This is an evening of two pieces, conceived and performed by the collaborative team of artists known as Banana, Bag, and Bodice. Their show was a hit at the Brick Theatre in Williamsburg, and was extended for more performances at the Ontological. This show does weird -college-avant guard-stuff better than any group I’ve seen, well, since leaving college. They make no apologies for what they are; raw, gritty, obtuse, uncomfortable, silly, and serious all at once. I can’t think of enough adjectives to describe this show.

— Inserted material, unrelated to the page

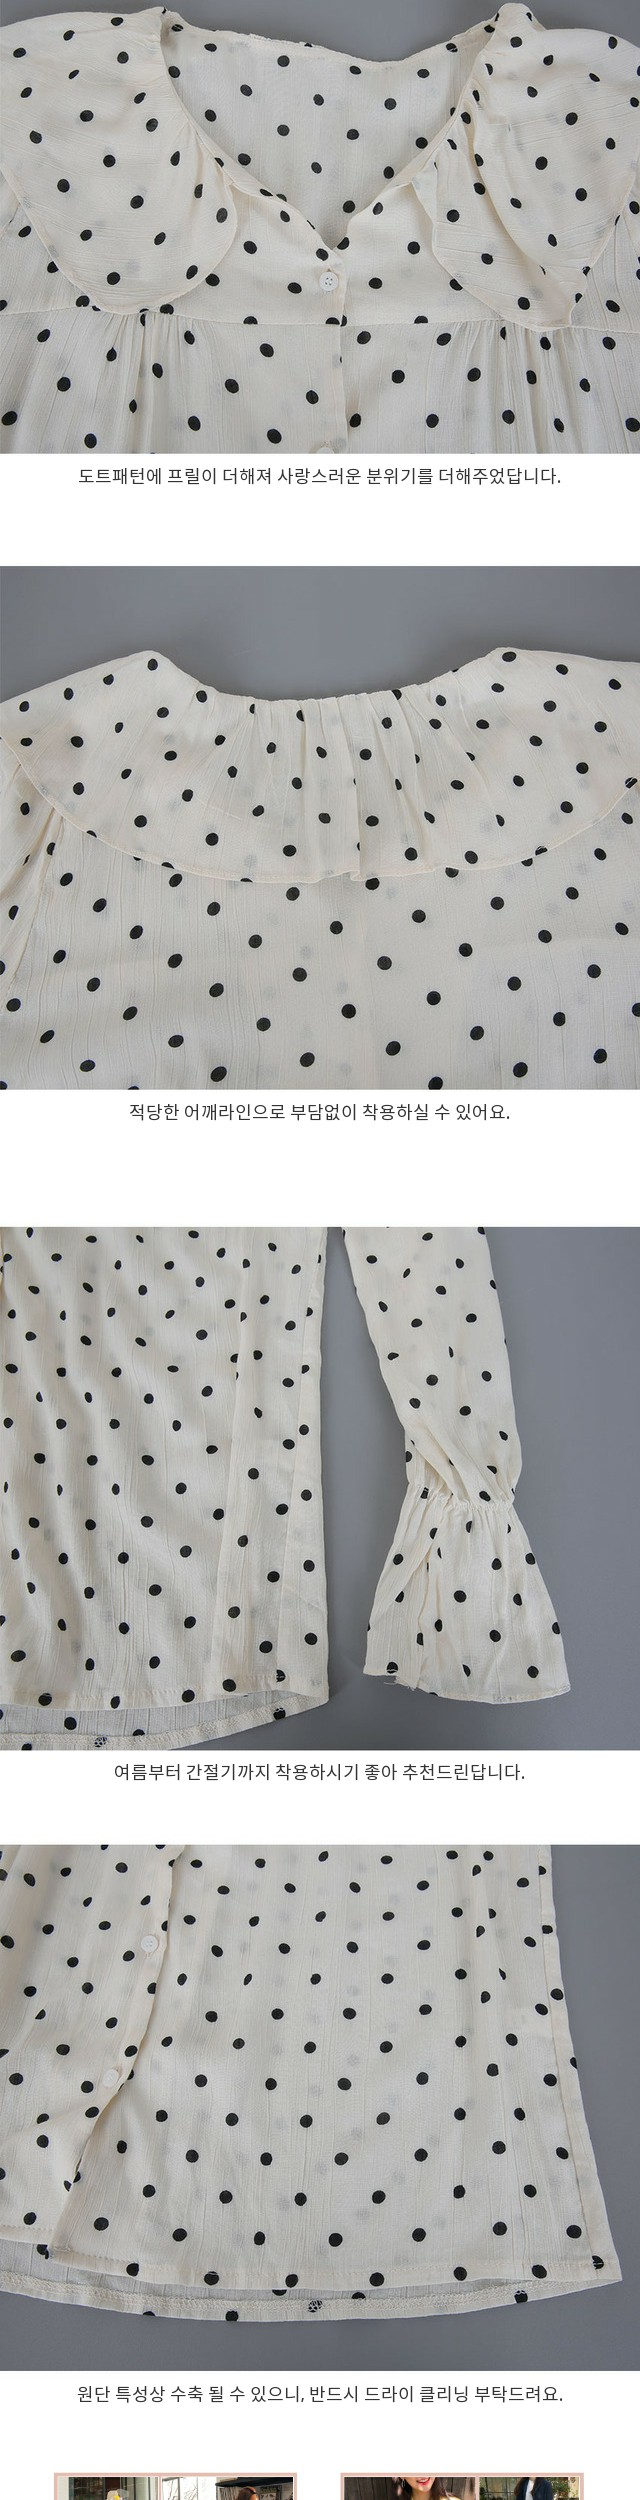 Sweetie-blouse

The first piece I realized I had already seen in the Gawk Festival, a full year and a half ago. The play, entitled “The Young War,” has changed a lot since then, but is essentially the same piece with the same intent. They sharpened it up and made it clearer. There are four panelists, conservatively dressed, clipboards in hand, pens sharpened, alert and calm. Then there is the sound designer running the panel who hops in and out of the action. The panel is simply a platform for which a collection of ideas is presented to the audience on a grand scale. The theme is relationships, specifically, abusive relationships. They use comedy, drama, music, poetry, dance, body movement, stage combat, prop humor, and bananas to express these themes. They explore love, obsession, sex, jealousy, rage, and eventually, death. In one relationship, it is the literal death of a lover (psycho-killer) style and in the other, the sad, slow death of love, as in, the loss of passion over the course of time. These themes are basic and known to us all, and are expressed in one of the strangest ways I’ve seen.
The second piece entitled “Sandwich” is a much lighter jaunt through a grotesque, nightmarish world of giant cats that murder and cannibalize their bunny friends, boys who think they are chickens, and German people cooking bacon. I’m not entirely sure what the central focus of this piece is, but honestly, it was a musical with fun songs and sing-along moments, so I was happy! At first I thought it was a comment of vegatarianism. The cat is sad when they cook her friend the Pig, but then she cuts open a pregnant bunny and eats her young (all done with fluffy cute puppets). Then I thought it was a clear-cut betrayal tale (Cat betrays Bunny, who thought she had found true love with the Cat.) Then there was some wierd stuff with a Chicken Little Boy with an anal fixation. Then a girl kills a butterfly and is yelled at by man who asks her why she did it, she says, because it was small, and he turns into a giant smashy armadillo, who then is attacked by blue alien (whom he promises a sandwich to), and the show ends up with the kitty still being sad her friend the Pig is dead, and the German owners continue to eat their bacon, but they tell the Cat that it is not bacon, but a Rock sandwich.
I think possibly what they are trying to say is that it is sad to eat animals, but we are bigger than them, and we have to eat something, or else we will all starve. So kitties will go on being sad.
Then I thought about the institution of the nuclear family within the confines of the show; mom and dad, chicken son and cat daughter. And I really can’t figure out how that fit in. But I know it existed there for a reason.
But honestly it was so much fun and the language was so excellent and gorgeous and the performances were so ravishing, I didn’t mind that I didn’t quite figure everything out as a literal absolute. I don’t think there are any literal absolutes in their universe. Everything is maleable and strange and symbolic. Really more performance art than theatre, I highly recommend this show. I hope they get lots of funding and continue to make this kind of edgy “downtown” inspired work for some time to come.
Also my friend and colleague Sarah Engelke dressed like an evil goat and played the piano in the musical bits. Nice work!